((

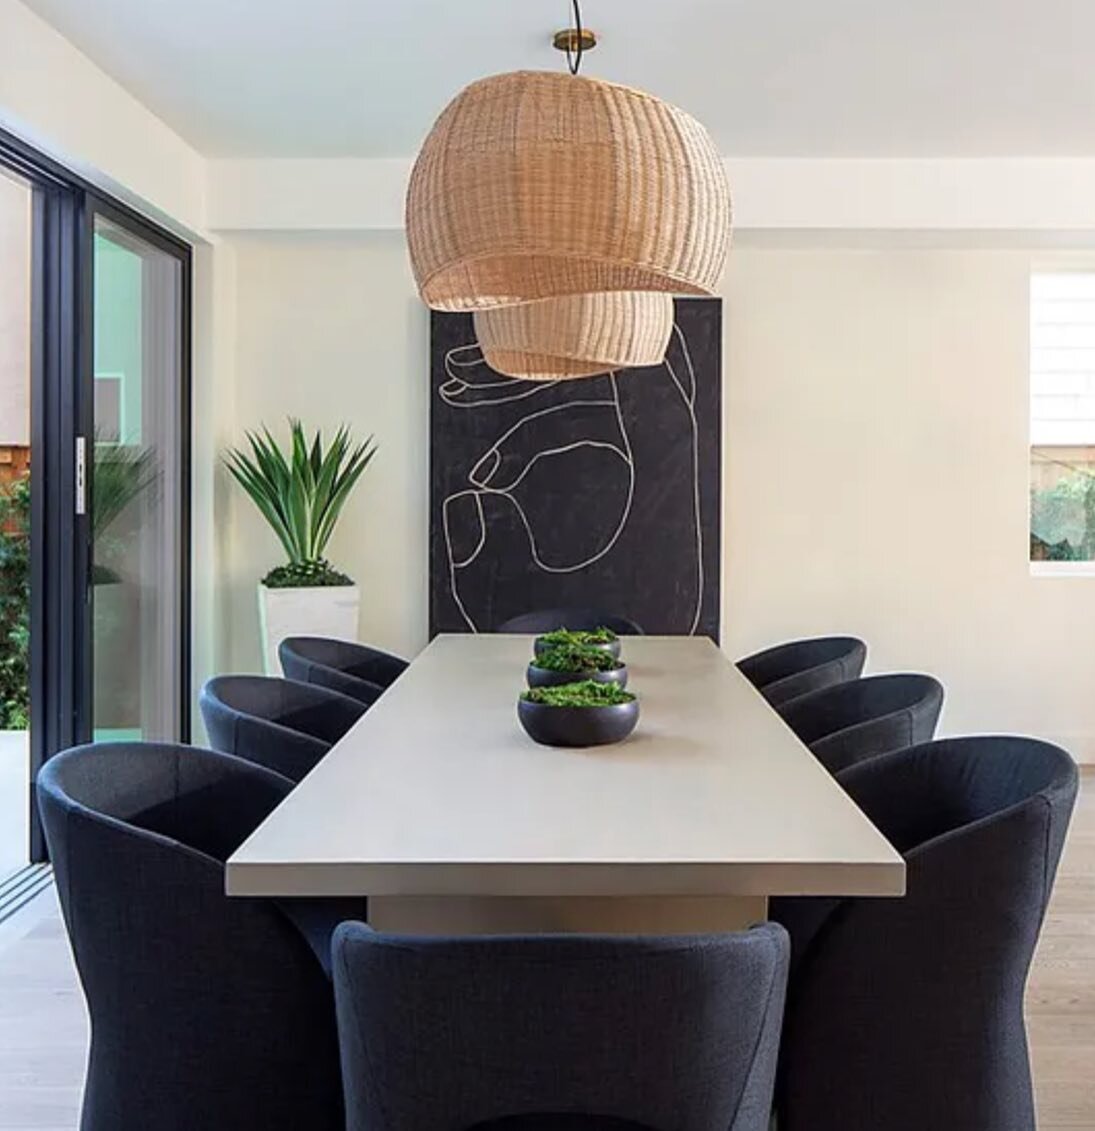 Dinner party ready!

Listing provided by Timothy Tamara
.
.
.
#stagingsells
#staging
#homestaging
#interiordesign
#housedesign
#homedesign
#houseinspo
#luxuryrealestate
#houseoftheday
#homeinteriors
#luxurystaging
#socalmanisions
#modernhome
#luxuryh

))

Only a word-for-word repetition of the lines from the one containing "Listing provided by Timothy Tamara" to the final line of the data above counts as the answer.

Listing provided by Timothy Tamara
.
.
.
#stagingsells
#staging
#homestaging
#interiordesign
#housedesign
#homedesign
#houseinspo
#luxuryrealestate
#houseoftheday
#homeinteriors
#luxurystaging
#socalmanisions
#modernhome
#luxuryh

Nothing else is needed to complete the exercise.